* _PROMPT_
A verbatim copy of the listing is needed; pictures are to be left out.

* _PROVIDED DATA_
====

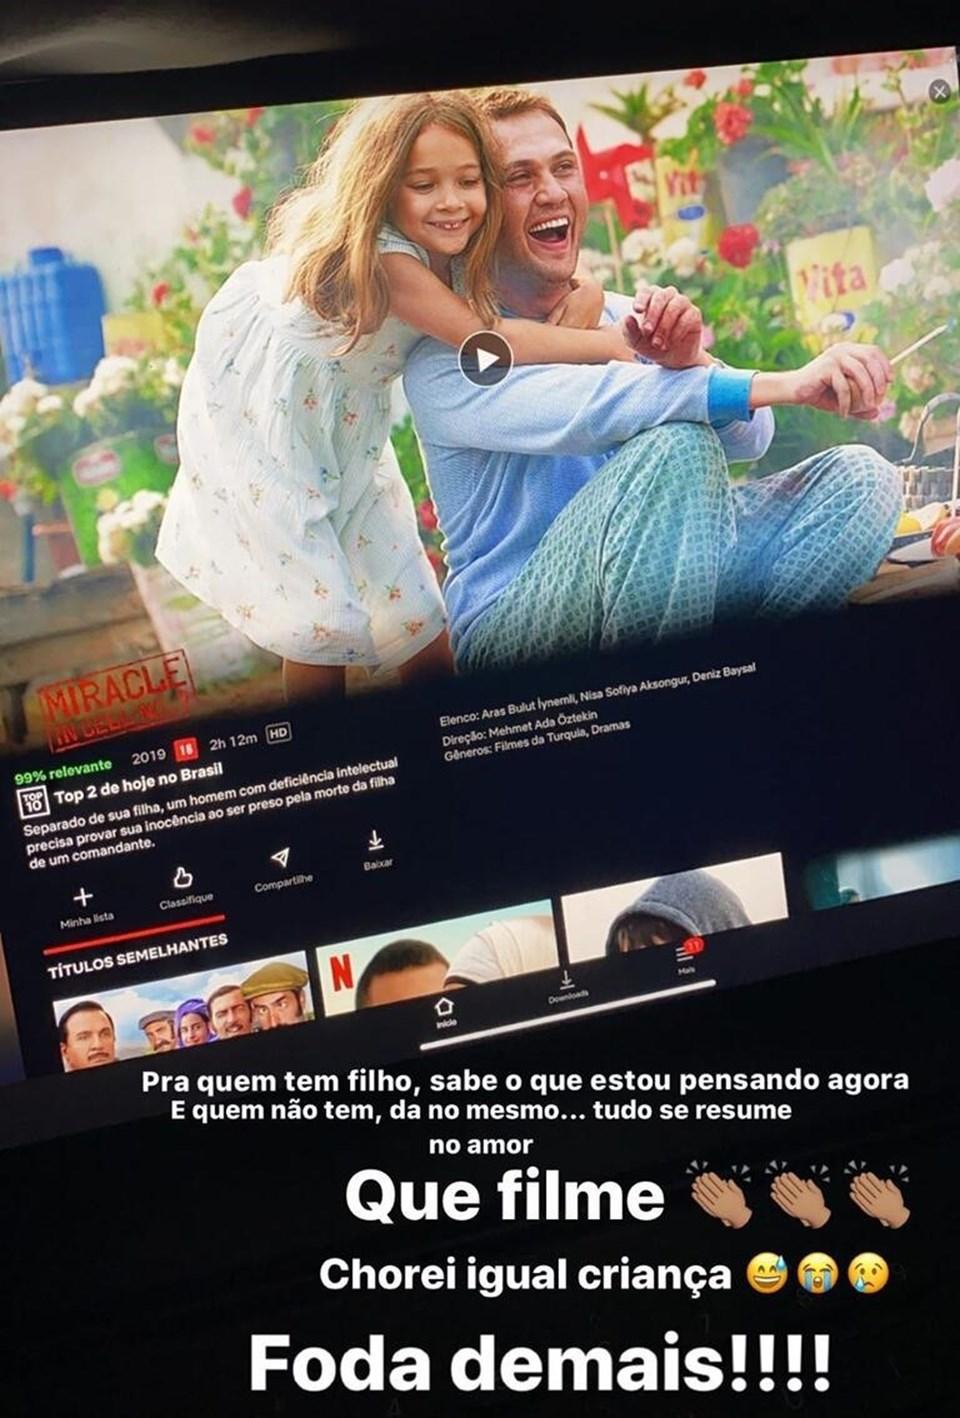 7. Koğuştaki Mucize, Brezilya'da en çok izlenen filmler arasında 2. sıraya yükseldi.
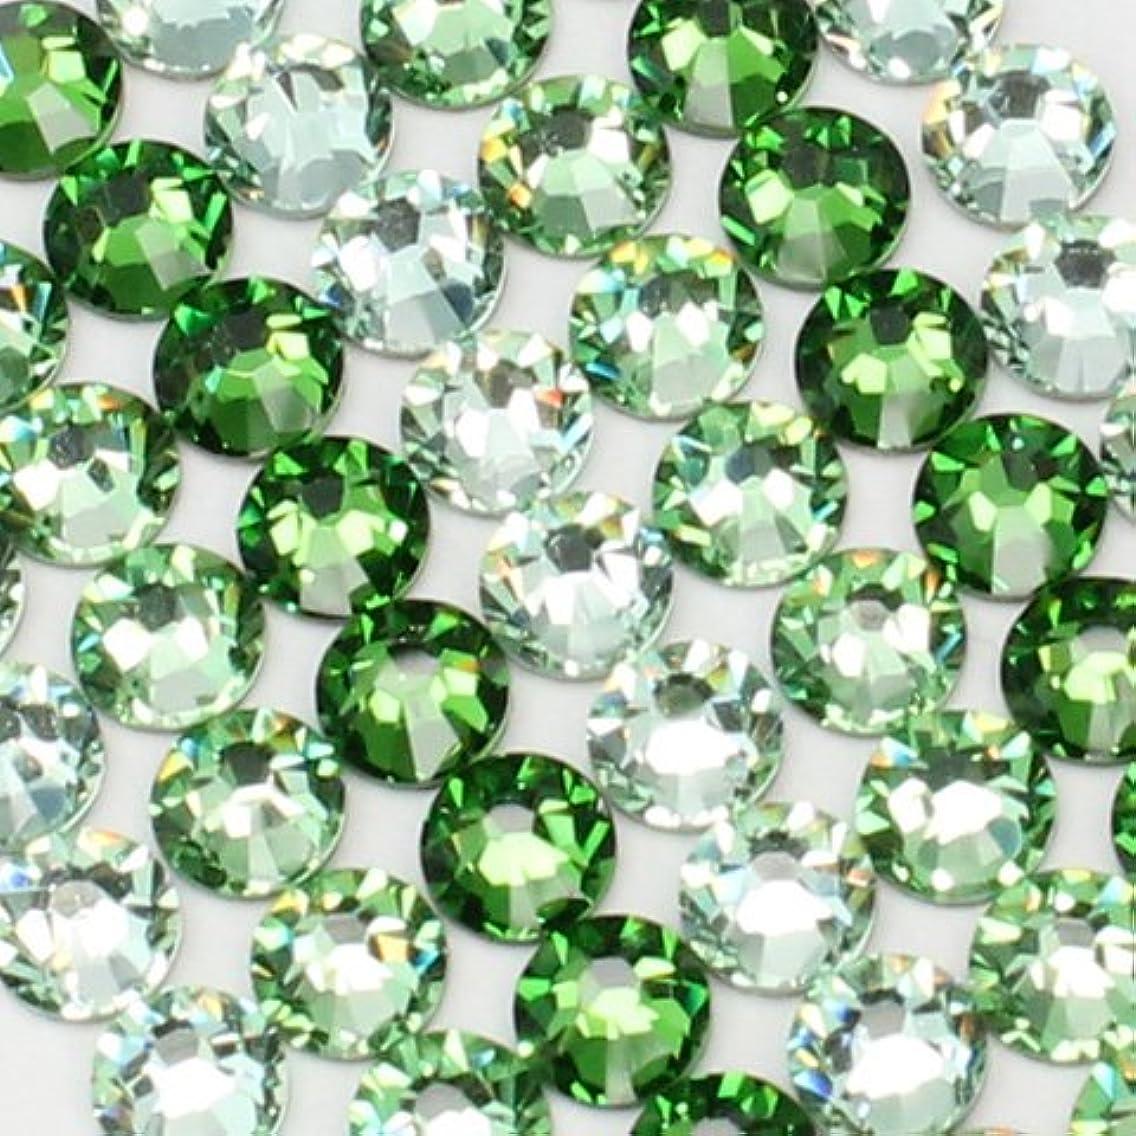 シェア実際に余韻お試しアートMIX[グリーン]クリソライト、ペリドット、ファーングリーン/スワロフスキー(Swarovski)/ラインストーン ss12(各30粒)
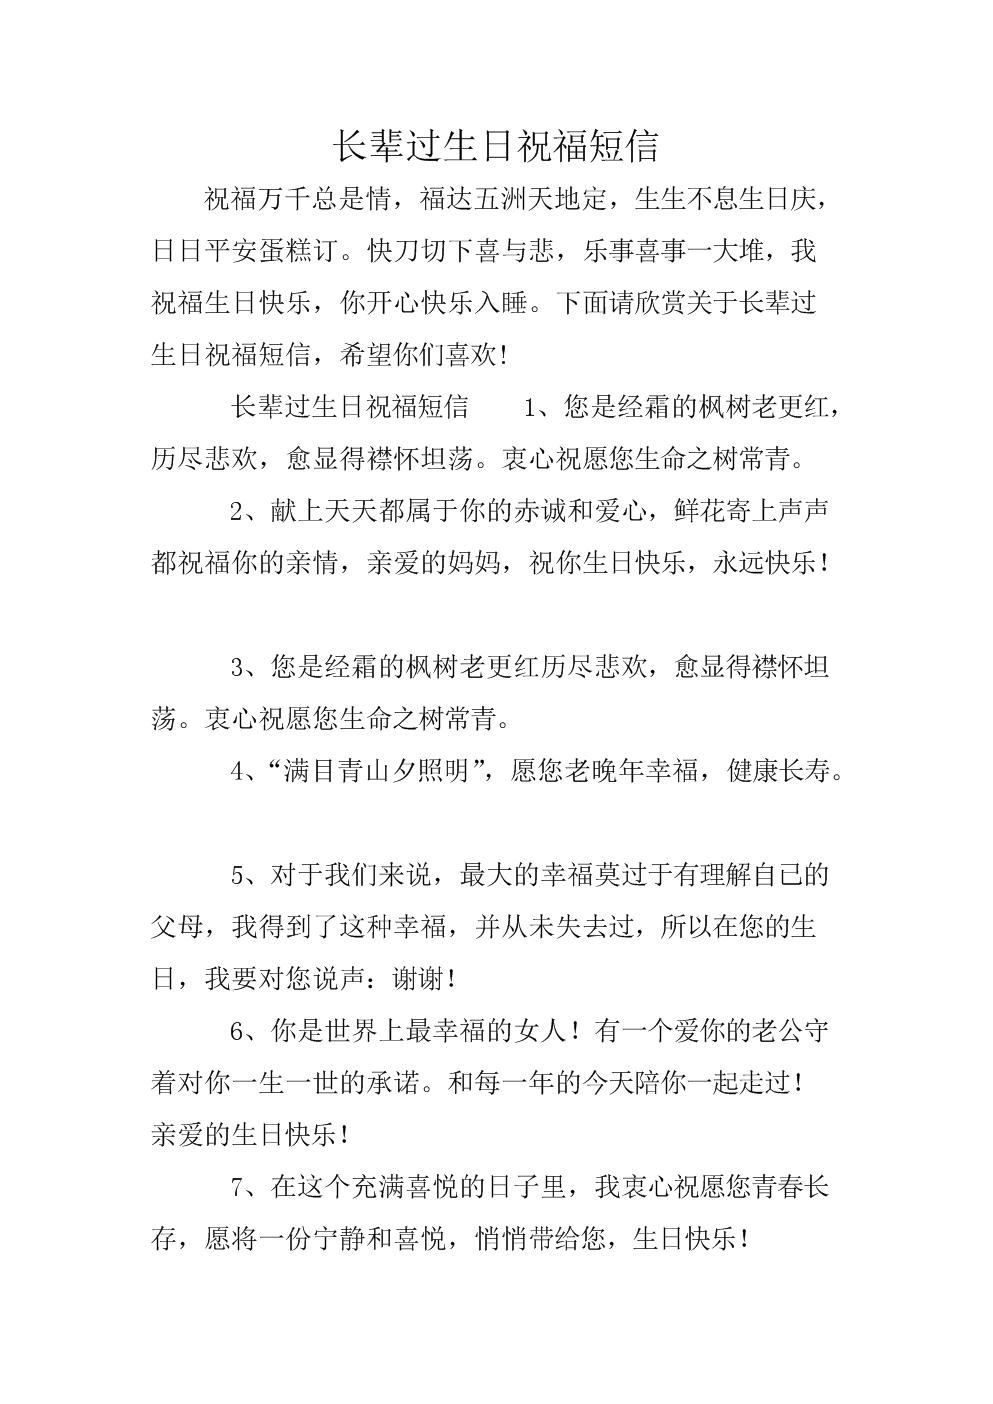 长辈祝寿祝福短信大全.doc

====

* _PROBLEM SOLUTION_
 7. Koğuştaki Mucize, Brezilya'da en çok izlenen filmler arasında 2. sıraya yükseldi.
 シェア実際に余韻お試しアートMIX[グリーン]クリソライト、ペリドット、ファーングリーン/スワロフスキー(Swarovski)/ラインストーン ss12(各30粒)
 长辈祝寿祝福短信大全.doc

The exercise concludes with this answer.